Artificial light at night has quietly become part of modern life. Streetlamps glow through curtains, phone screens linger past bedtime, and bedrooms rarely reach true darkness. New cardiovascular research suggests this constant glow may be doing more than disrupting sleep. It may be placing measurable stress on the heart and blood vessels, even in people without known heart disease.
A recent study presented at the American Heart Association’s Scientific Sessions 2025 explored how nighttime light exposure affects the body. Instead of focusing on sleep quality alone, researchers examined what happens inside the brain and arteries. Their findings point toward a biological stress response that links light exposure at night with long term heart disease risk.
How Light Reaches the Heart

The brain interprets light as a signal to stay alert. When that signal appears at night, it interferes with the body’s normal circadian rhythm. This study went further by showing that nighttime brightness activates stress related regions of the brain. That activation sets off a cascade. Stress signals from the brain stimulate immune responses that inflame blood vessels.
Inflammation in the arteries is not a vague concept. It is a known driver of atherosclerosis, the process that stiffens and narrows blood vessels over time. As inflammation persists, the risk of heart attack and stroke rises. The study found a clear relationship. Higher exposure to artificial light at night matched higher brain stress activity and greater arterial inflammation.
Measuring the Invisible
The research followed more than 450 adults in Boston who had no prior heart disease or active cancer. Each participant underwent a combined PET and CT scan, a tool that shows both structure and metabolic activity in the body. These scans allowed scientists to measure stress signals in the brain and inflammation in the arteries at the same time.
Nighttime light exposure was estimated using satellite data that measured human generated brightness around each participant’s home. Natural sources like moonlight were excluded. Medical records were then reviewed for major heart events over a follow up period that extended up to ten years.
What the Numbers Showed

The pattern was consistent. As nighttime light exposure increased, so did cardiovascular risk. For every standard increase in light exposure, the risk of developing heart disease rose significantly over five and ten years. These findings held even after accounting for age, cholesterol, smoking, noise pollution, and socioeconomic factors.
The risk was strongest in neighborhoods already under stress, such as areas with heavy traffic noise or lower income levels. Over a decade, nearly one in five participants experienced a major heart event. The study suggests that light pollution may amplify existing vulnerabilities rather than act alone.
For more details, refer to the link – https://newsroom.heart.org/news/exposure-to-more-artificial-light-at-night-may-raise-heart-disease-risk?preview=0a04&preview_mode=True
Why This Matters for Patients
Most heart disease prevention focuses on diet, exercise, blood pressure, and cholesterol. Environmental factors rarely enter the conversation in a visit to the heart care center in Sun City. This research challenges that narrow view. Light exposure at night is widespread, modifiable, and often overlooked.

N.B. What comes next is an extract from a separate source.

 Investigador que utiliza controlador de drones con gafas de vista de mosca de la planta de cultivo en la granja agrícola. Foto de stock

For patients seeking care at a heart care center in Sun City, this adds another layer to prevention. People who visit a chest pain center in Arizona often undergo advanced testing to rule out immediate danger. Yet long term risk builds silently through daily exposures that never show up on a lab report.
Clinical Perspective
Top doctors have come to understand that heart health is influenced by the nervous system and immune responses and not exclusively by plaque and blockages. The best cardiologists in Sun City already incorporated stress, sleep and lifestyle in patient care. Light exposure falls neatly within this larger paradigm.
While this study does not prove cause and effect, the biological pathway is plausible and consistent with existing knowledge about stress and inflammation. The brain senses nighttime light as a disruption. That disruption triggers stress signaling. Blood vessels respond with inflammation. Over years, damage accumulates.
What Can Change

Cities can curb superfluous outdoor lighting with shielding and better designs. Meanwhile, the answers are simpler on the home front. Darker bedrooms, less screen time before bed, and a look at light sources that leak in from outside, all make a difference. These measures are inexpensive and have no downside.

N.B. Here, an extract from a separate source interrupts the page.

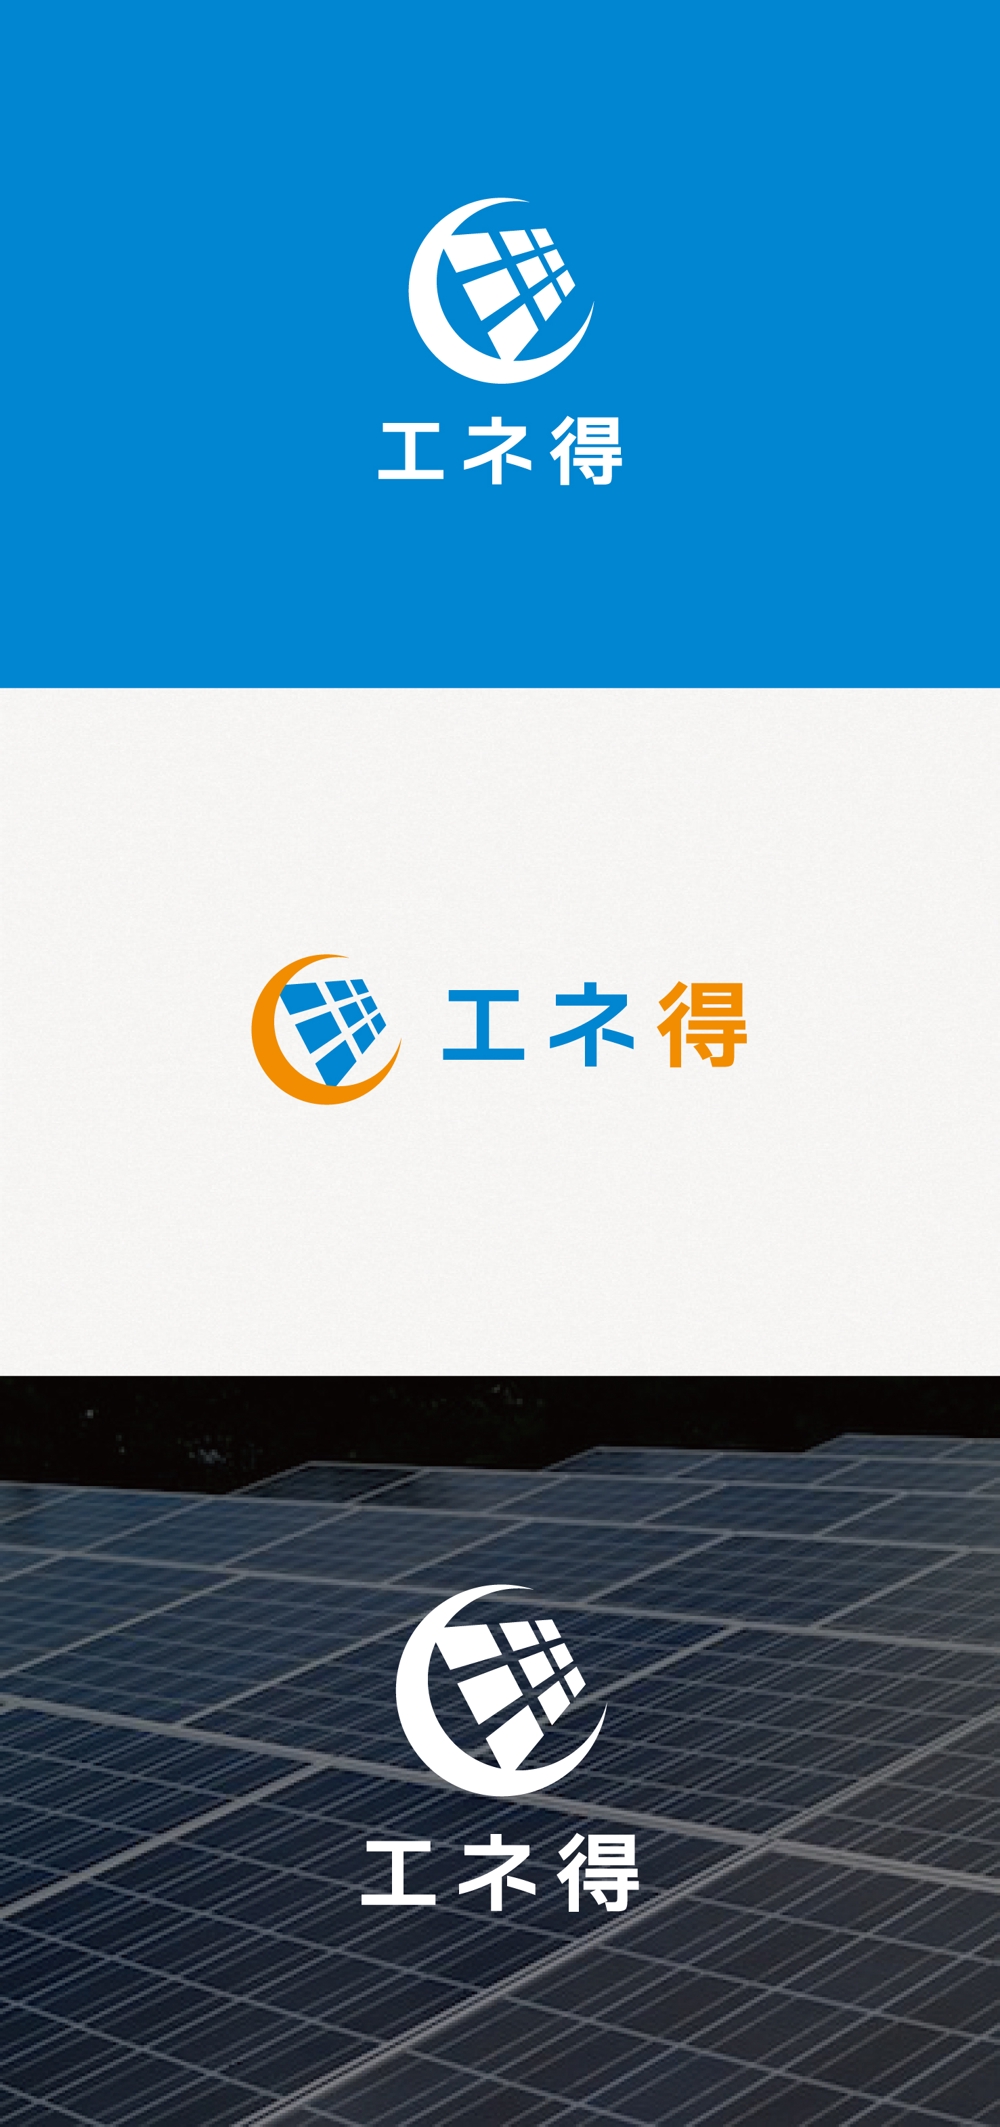 太陽光発電専門店「エネ得」のロゴ作成依頼

For the best cardiologists in Sun City, asking about nighttime light exposure may become as routine as asking about sleep duration. For patients, awareness is the first step. Heart health does not switch off when the lights go out. In many cases, it is shaped by how bright the night remains.
This research reframes light pollution as more than a visual nuisance. It positions it as a cardiovascular stressor with real consequences. With prevention taking on new forms, darkness could end up being a surprising help in keeping the heart safe.